Gentilicios en el castellano

Los antiguos romanos utilizaban ciertas reglas para registrar sus nombres, reglas que hoy nos parecerían un tanto complicadas. Su inscripción daba indicio de si el individuo había sido hijo de ciudadano romano; en cuanto que, para las mujeres se utilizaba un sistema de identificación distinto. Los nobles se distinguían por tener una "tria nomina"; es decir, tres elementos en su nombre: el praenomen o prenombre (el nombre de un antepasado y existía una lista de dieciocho nombres de la que se podía seleccionar el escogido); el nomen o gentilicium, que equivalía al nombre propio; y el cognomen, que era realmente el nombre de familia. Aquel gentilicium venía a ser el nombre del clan o tribu (el gens), que con el tiempo dio origen al uso extendido de la palabra gentilicio.

 

Dice el diccionario de la lengua (RAE), sin embargo, que la palabra “gentilicio” viene del latín gentilitius que, a su vez, proviene de la voz latina gens (clan o tribu como hemos comentado), que correspondía al linaje o estirpe; pudiera decirse que era el equivalente a nuestros modernos apellidos. Pero el vocablo gens era también una manera de designar a otros pueblos, naciones o razas; por ello, el sentido de la palabra gentilicio evolucionó, y también lo hizo en nuestro idioma, para identificar a los originarios de un pueblo, región, país o estado.

 

No existen en el castellano reglas claras y definitivas (incluyentes o excluyentes) a la hora de elaborar los gentilicios, aunque las formas más comunes utilizan de modo preferente diversos sufijos, como: -ano, -co, -ense, -eño, -ero, -és o -ino. Es por esto que parecería existir en ocasiones una cierta arbitrariedad en la determinación de los gentilicios: en España se llama conquenses a los nativos de Cuenca, pero en el Ecuador se los dice cuencanos.
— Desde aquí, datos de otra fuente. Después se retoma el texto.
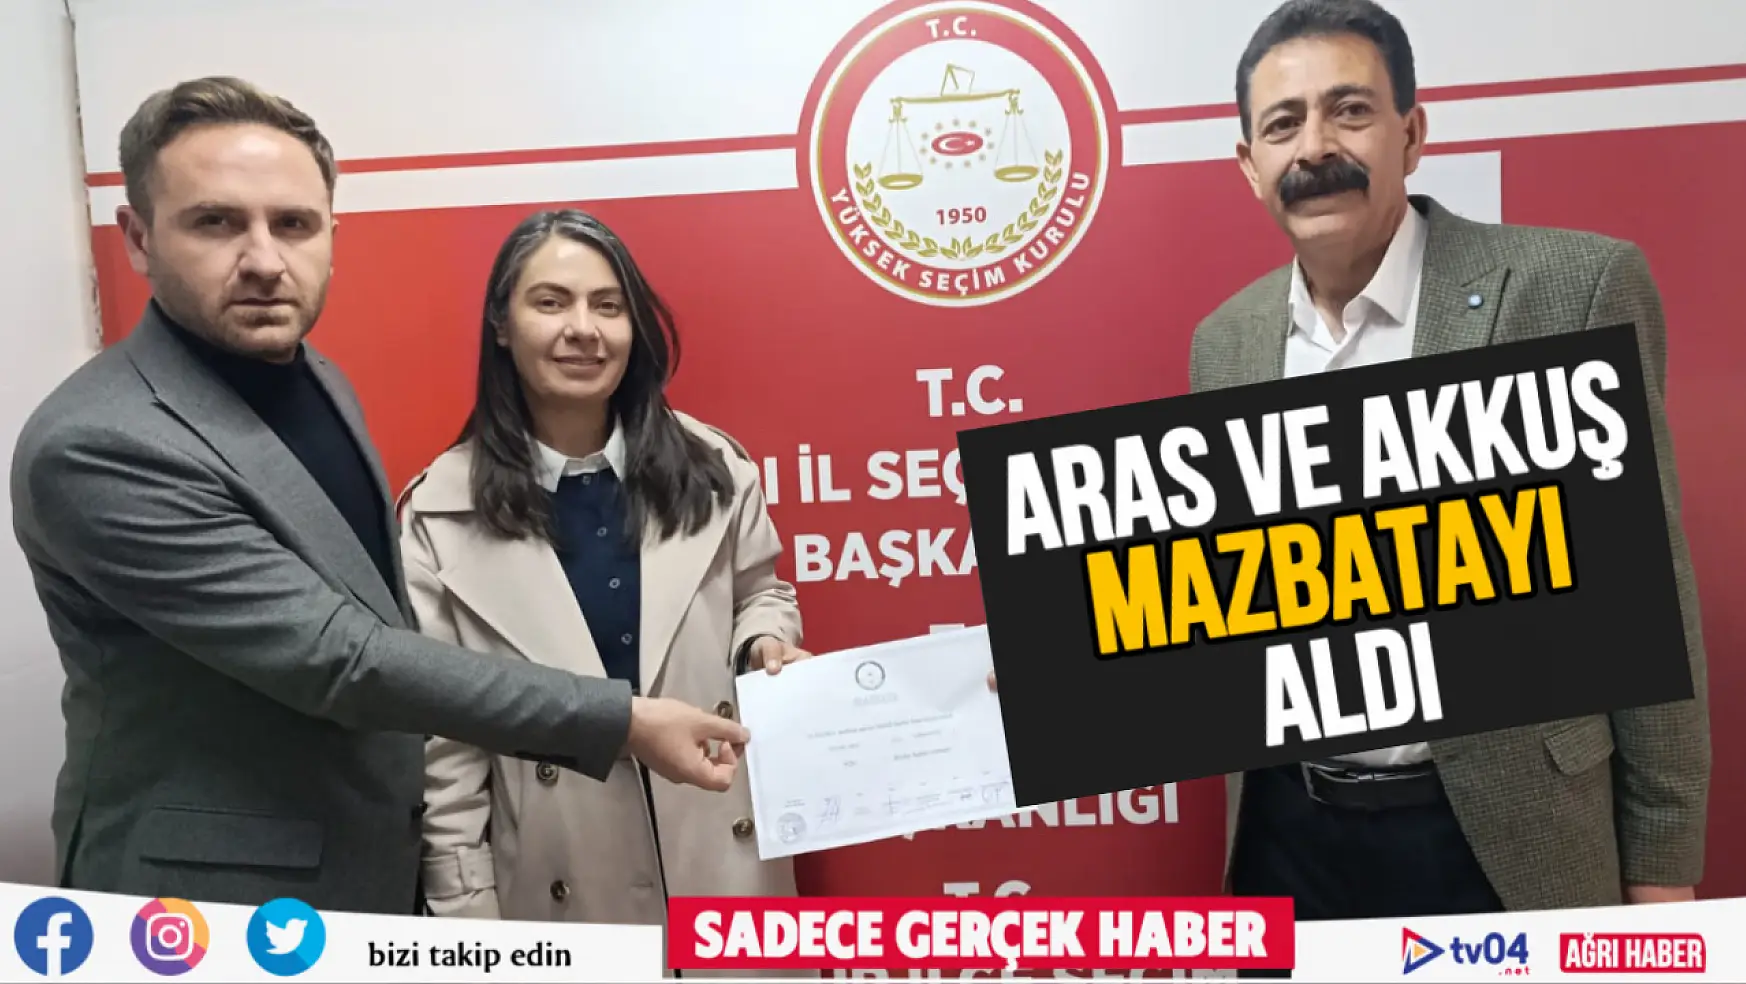 Hazal Aras ve Mehmet Akkuş mazbatayı aldı

Llamamos brasileños a los oriundos de Brasil, pero a veces los llaman brasileros: un día fui testigo de una las más severas reprimendas que puede endilgar un padre a su hijo, cuando enfrente de mucha gente le reprochó que nunca debió haber llamado “brasilianos” a los brasileños.

 

¿Cómo debería decirse: israelita o israelí?, por ejemplo. ¿Catareño o catarí?, ¿singapureño, singapurense, singapuriano o singapurio?, ¿salmantino o salamanqués?... Hay voces que representan a ciudades o países que invitan a la confusión, como Jerusalén o Constantinopla; o ciudades, sobre todo españolas, que propician el uso de un doble gentilicio, como Sevilla, Ávila, Alcalá, Santiago de Compostela o Catalayud. Así decimos sevillano o hispalense, avilés o abulense (sí, y con be labial), alcalaíno o complutense (por Complutum, el nombre romano de Alcalá de Henares), santiagués o compostelano, o bilbilitano al originario de Catalayud (por el nombre romano que antes tuvo la ciudad, Bílbilis). Sin dejar de recordar los gentilicios de dos de las ciudades que he mencionado anteriormente: jerosolimitano y constantinopolitano.

 

Ahora que lo menciono, esta doble manera de identificar a algunas ciudades españolas, debe de estar relacionada con los antiguos nombres que tuvieron esas localidades, los mismos que estuvieron emparentados con el idioma de sus “inquilinos” previos, que fueron quienes las nombraron o rebautizaron. Sus gentilicios son herencia del nombre que tuvieron esos lugares, con apelativos romanos, fenicios o árabes. No de otro modo se entiende que el nombre de una ciudad como César Augusta haya terminado convertido en el más sugestivo de Zaragoza…

 

No es apropiado (no digo que incorrecto), llamar holandés a quien es de Países Bajos; no se debe olvidar que estos constituyen solo la parte europea del reino de Holanda, reino que está conformado además por Aruba, Curazao, San Martín y otros territorios del Caribe. Por ello que a los holandeses europeos es mejor llamarlos con el adjetivo de neerlandeses. Los Países Bajos forman parte de una suerte de consorcio conocido como Benelux, que es un acrónimo que incluye a tres naciones: Bélgica, Netherlands y Luxemburgo. A los belgas septentrionales los llaman flamencos, pero esto nada tiene que ver con los andaluces o sus atuendos y bailes típicos, sino con su pasado: esa zona, conocida como región Flamenca, era parte del condado de Flandes (Flanders, en inglés).

 

Escribo esta entrada a cuento de algo que escucho y leo con frecuencia estos mismos días: el gentilicio de ucranio o ucrania (que son aceptados) en lugar del que parece más adecuado: ucraniano, al hablar de los habitantes o de asuntos relacionados o pertenecientes a Ucrania. Parece más adecuado ucraniano, sobre todo para evitar que se produzca anfibología, es decir un sentido ambiguo o equívoco. Si decimos vocalmente “la paciente ucrania”, no sabemos si nos referimos a una paciente ucraniana o a Ucrania, la paciente. Como se indicaba más arriba, y salvo pocas excepciones, el gentilicio en el castellano se construye utilizando ciertos prefijos. Quizá una de las excepciones sea Argentina cuyo gentilicio es argentino y nunca “argentiniano”…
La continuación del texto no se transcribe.